For Cake - Heat oven to 325 degrees F. Lightly grease 9-inch springform pan. Line pan bottom with parchment and lightly grease it. Melt butter and chocolate in double boiler. Allow to come to room temperature. Beat yolks and sugar with stand or electric mixer for 4 minutes. Scrape sides and continue beating for 2 more minutes. Beat egg whites until stiff. Fold chocolate into yolks. Fold egg whites into yolk mixture. Pour into prepared pan. Spread evenly. Bake for 50 minutes to an hour or until toothpick is clean when removed. Allow to cool in pan for 20 minutes. (Top of cake will sink.) Invert on serving dish. Refrigerate at least for 1 hour or overnight.
For ganache - Place chocolate in stainless steel bowl. Heat cream, butter and sugar over medium-high heat. Bring to a boil. Pour over chocolate. Let stand for 5 minutes or so. Whisk until smooth. Remove cake from refrigerator. Use a spatula to spread some ganache on sides of cake. Pour remaining ganache over top of cake. Smooth on top and sides of cake. Refrigerate for 30 minutes.

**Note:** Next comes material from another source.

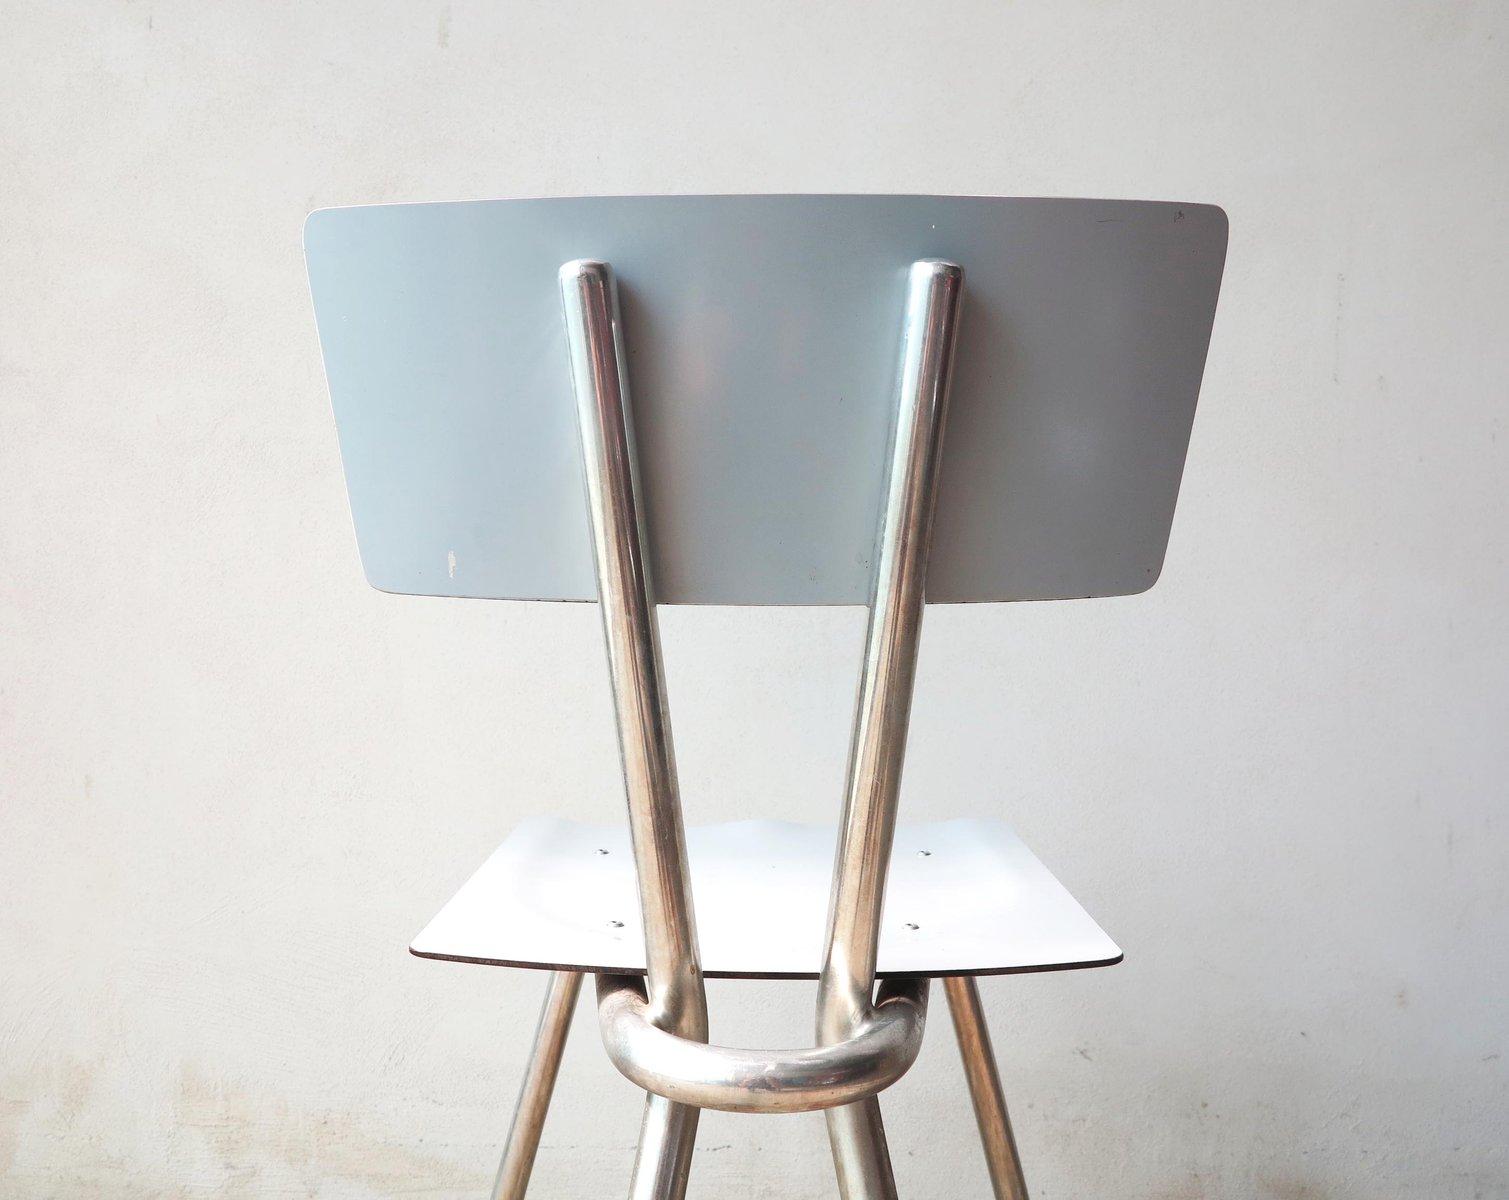 Sedie In Metallo Vintage : Sedie metallo vintage roma sedia vintage in legno imbottita con

Taking a small pointed knife make a few holes in side of cake. Insert almond slices. Continue all around cake until sides are similar to a pinecone.
With a potato peeler, scrape chocolate bars to make chocolate curls. Cover entire cake with curls. Alternating with flavors and/or colors.
For Serving - Process bag of raspberries in food processor. Add 1/2 to 1 cup of powdered sugar to taste. Press puree through sieve to remove seeds. Drizzle some on serving plate. Place cake slice on top. Sprinkle powdered sugar and cocoa powder over all.